What new NJ bail rules will mean for poor defendants, dangerous suspects
The criminal justice system in New Jersey is 80 days away from a significant overhaul.
With a visit to Hudson County in early October, the state wrapped up a series of 15 "kickoff" meetings aimed at educating institutional stakeholders and the general public on the pending changes that go into effect Jan. 1.
"We are eliminating the old way of business and we're creating a new infrastructure," Glenn Grant, administrative director of New Jersey Courts, told New Jersey 101.5.
With the new rules, bail is no longer the primary factor in determining a defendant's release, or detainment, before trial.

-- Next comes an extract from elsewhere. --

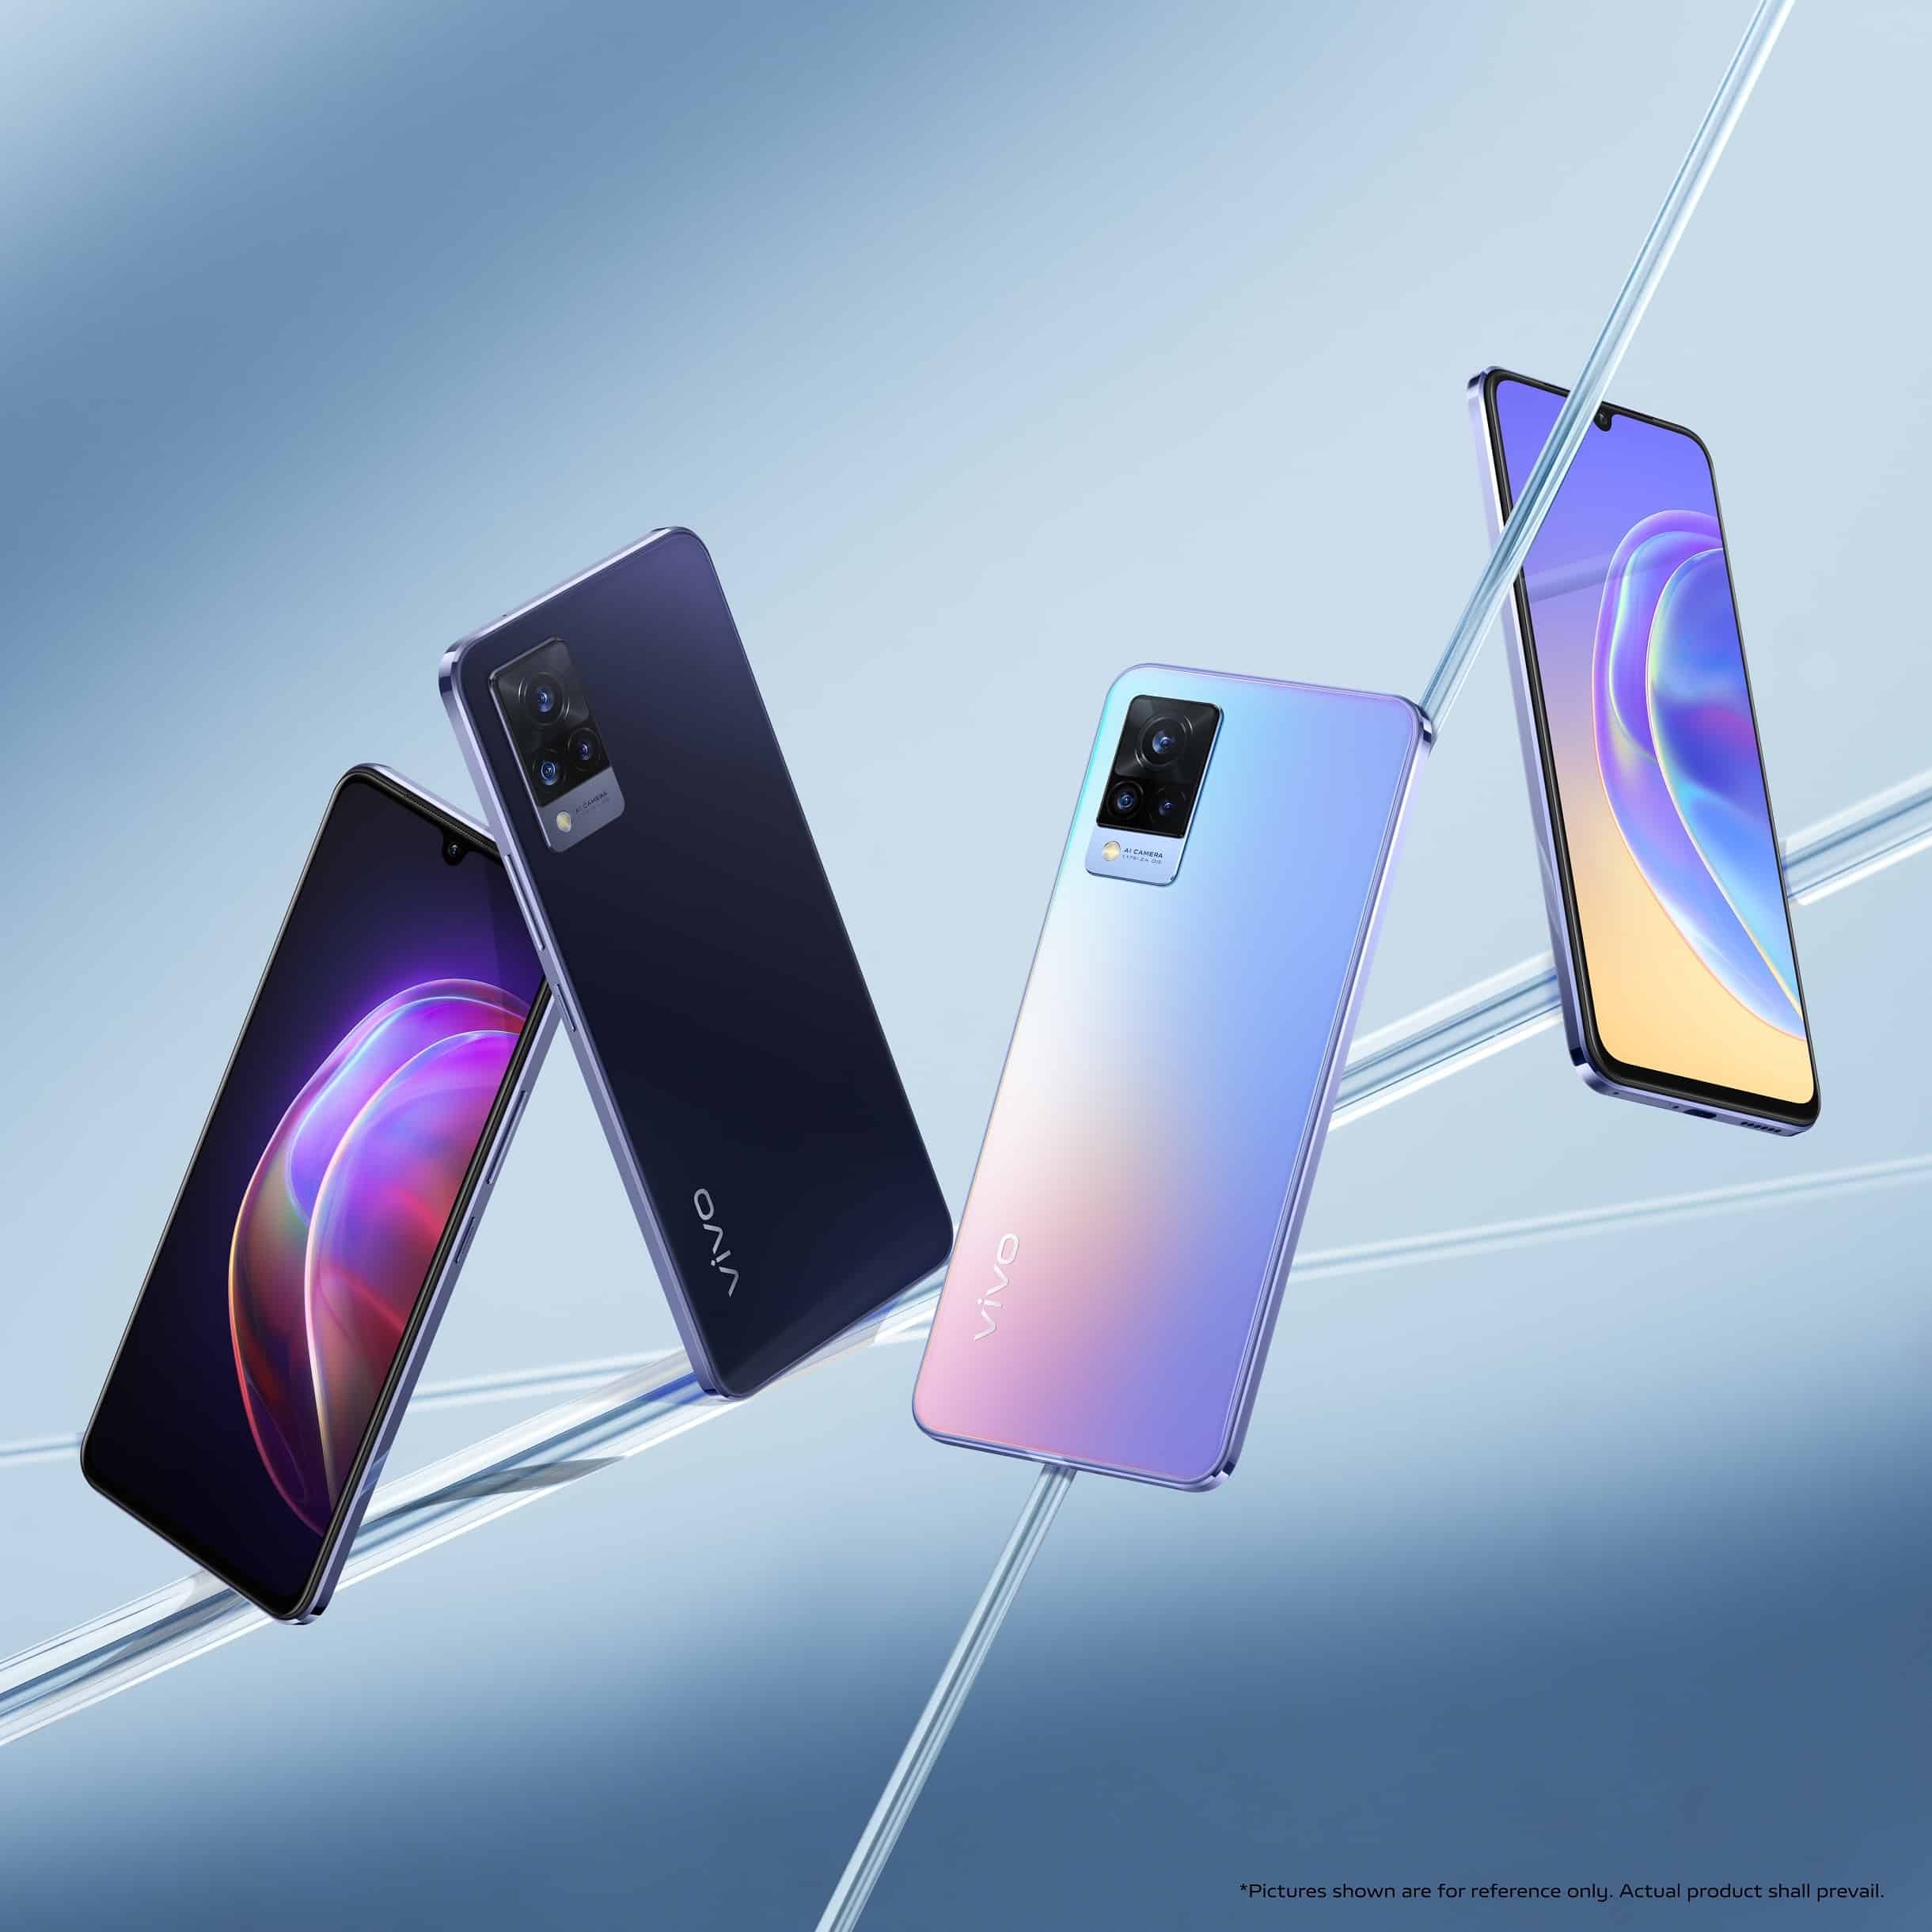 Canalys report places Vivo among the Top 5 global smartphone brands in Q2 2021

Bail is still an option for certain individuals, but not the first option, Grant explained.
This way, he said, the most dangerous individuals — as determined by a list of criteria — are held without bail and no opportunity to cause further harm in the community, and individuals considered a low risk, who would otherwise be unable to afford even modest bail amounts, can be released on their own recognizance or with certain levels of supervision.
"We know that one of the ancillary benefits of the change will be a reduction in prison population because these individuals who can't afford $500, $1,000, $2,500 will now be able to be released," Grant said.
Adding to the reforms is a "speedy trial" law that sets a strict clock on the number of days between an arrest and an indictment, and the number of days between an indictment and the start of the trial.
At a number of the kickoff events, officials within the state's court system noted too many defendants are awaiting trial in the Garden State.
The reforms are the product of legislation and a constitutional amendment approved by voters in 2014 that allows judges to detain certain offenders without bail.
According to Grant, the sweeping changes are accompanied by a number of challenges, including costs. Prosecutors will likely have to add to their staff, counties will have to provide space for new court employees and additional public defenders will be needed to move cases through the court system expeditiously, he said.
There's also the expense of implementing the computer system to handle the reboot.
"New Jersey will be the first state to create this process of what we call criminal justice reform through a truly automated or electronic process," Grant said.